Syrian UN Ambassador Bashar Ja’afari declared on Sept. 7 that his government was determined to wipe out the rebels from the Idlib province. The next day, the Idlib Dawn Operation began, encircling a town 59 km. southwest of the Syrian city of Aleppo. As of Sept. 9, Russian aircraft have attacked the rebel positions in western Idlib, the mountains of the Latakia province, and the Sahl al-Ghab plain, with the goal of softening up peripheral targets and preventing a breakthrough or counterattack. Syria’s forces are ready to move.
The Russian military warned that a false-flag chemical attack staged by the rebels could occur at any time and be used as a pretext for Western missile strikes. A massive Turkish military convoy, consisting of more than 300 vehicles, including tanks, armored vehicles, and MLRS launchers, has entered Idlib from the province of Hatay.
Syria needs Idlib — the last stronghold of the jihadists and the shortest route from Latakia to Aleppo. The M5 international highway crosses Idlib, linking Turkey and Jordan through Aleppo and Damascus. Control of the province would greatly facilitate the negotiations with the Kurds and strengthen Syria’s position at the UN-brokered Geneva talks. If the negotiation process succeeds, the only territories left to liberate would be the zone controlled by the US, such as the al-Tanf military base and the surrounding area, the northern parts of the country under Turkish control, and small chunks of land still held by ISIS.
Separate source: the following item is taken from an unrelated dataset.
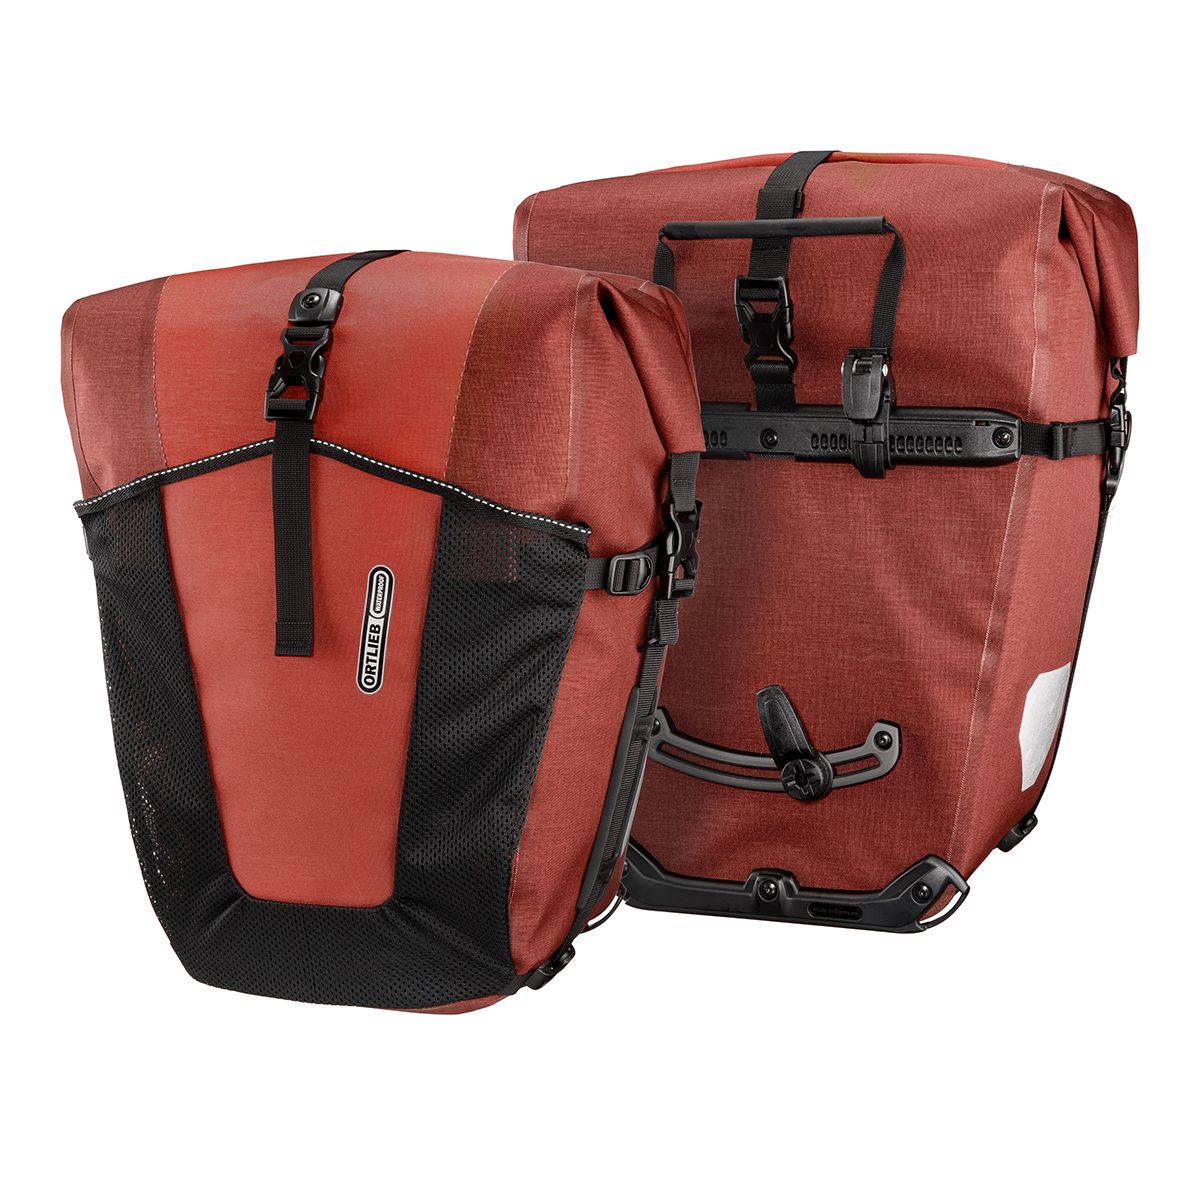 ORTLIEB Back Roller Pro Plus Set bestehend aus zwei Gepäckträgertaschen

Turkey opposes the idea of an Idlib offensive. It wants assurances for the groups in Idlib under its control and it doesn’t want an influx of refugees. These controversial issues can be tackled with Russia as a mediator. Turkey, Iran, and Russia did not agree on everything at the recent summit in Tehran, but the West’s hopes that they would go their separate ways, or even clash in Idlib, have been dashed.